At first, we analyzed the hyperparameters of each algorithm and optimized those that we expected to have the greatest impact on the results during early tests of our implementation. We chose the data from five weeks between 50th and 55th week. We performed stratified random sampling and selected 10,000 training and 5000 testing records. We kept only 5 % of the labeled from the training set, and the rest remained unlabeled. Using this data, we evaluated the classification accuracy for various sets of hyperparameters.

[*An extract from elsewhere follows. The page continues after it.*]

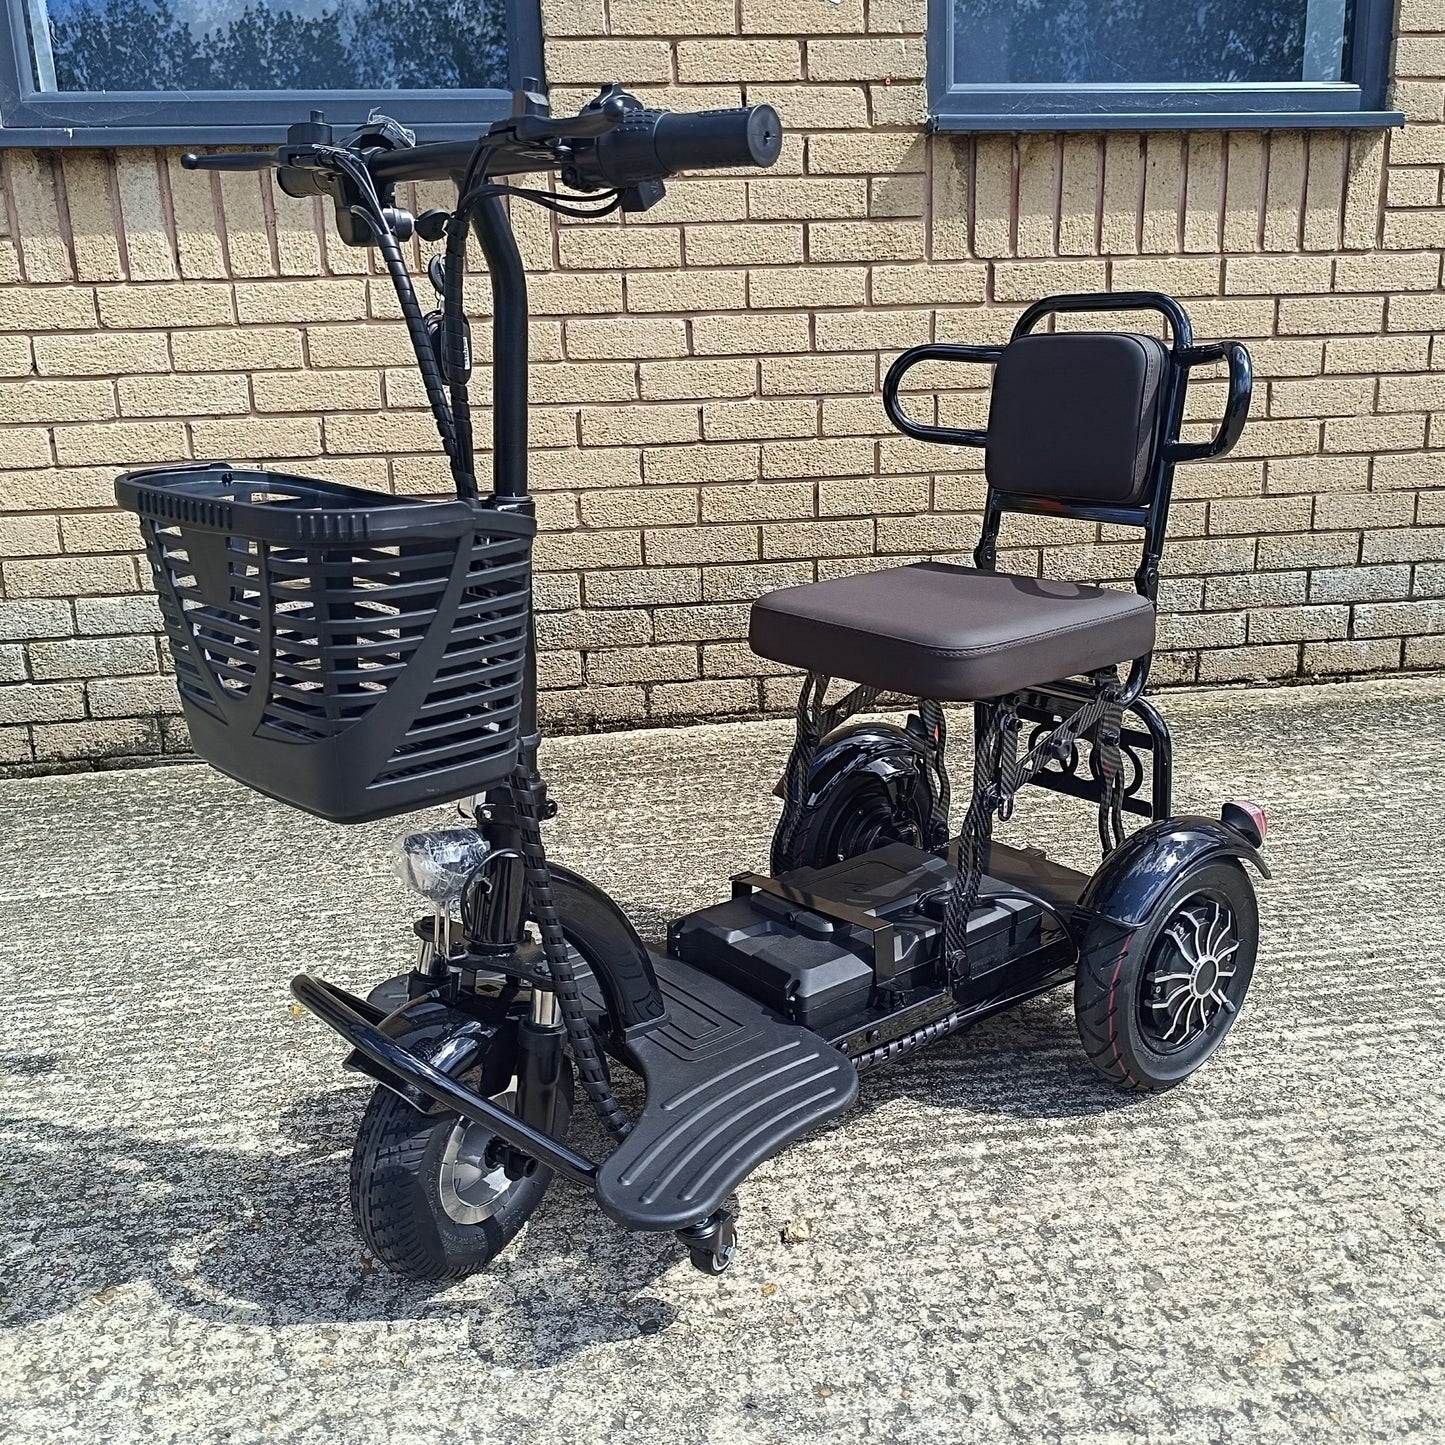 The Easy Folding 3 Wheel Mobility Scooter

For the Pseudo-labeling algorithm, we optimized the threshold ϑ and the maximal weight w max for the unsupervised loss component. For the consistency preserving algorithms, we optimized the standard deviation σ of the noise used in data augmentation and again the parameter w max . Furthermore, we repeated the search of parameters for all six combinations of variants of the algorithm, which were: Π-model or temporal ensembling and whether to use dropout, augmentation or both. We took the parameters from the following sets: w max ∈ {0.1, 1, 2, 5, 10, 15, 20, 30, 50}, σ ∈ {0.01, 0.05, 0.1, 0.15, 0.2, 0.3, 0.5}, ϑ ∈ {0.5, 0.7, 0.8, 0.9, 0.95, 0.98, 0.99}. However, because of the high time requirements, we restricted attention among the two similar models proposed in [12] only to the Π-model. For the same reason, we did not perform the full factorial search through all possible combinations. Instead we optimized only one parameter at time, keeping others on default values which were: w max = 30, σ = 0.1 and ϑ = 0.9. Among all these tuned hyperparameters, the most critical from the point of view of the predictive accuracy were the maximal weight, and the standard deviation of the Π-model noise. The rest of the hyperparameters we used as stated in the original papers or we modified them slightly according to our observations because the domain of our dataset is entirely different. The final values of the chosen hyperparameters used in experiments follow in Table 2. For the fully supervised training, we enabled the dropout and the data augmentation in the same manner as with the Π-model. In every experiment, we used the same MLP architecture with five layers and the topology 128-96-64-32-5.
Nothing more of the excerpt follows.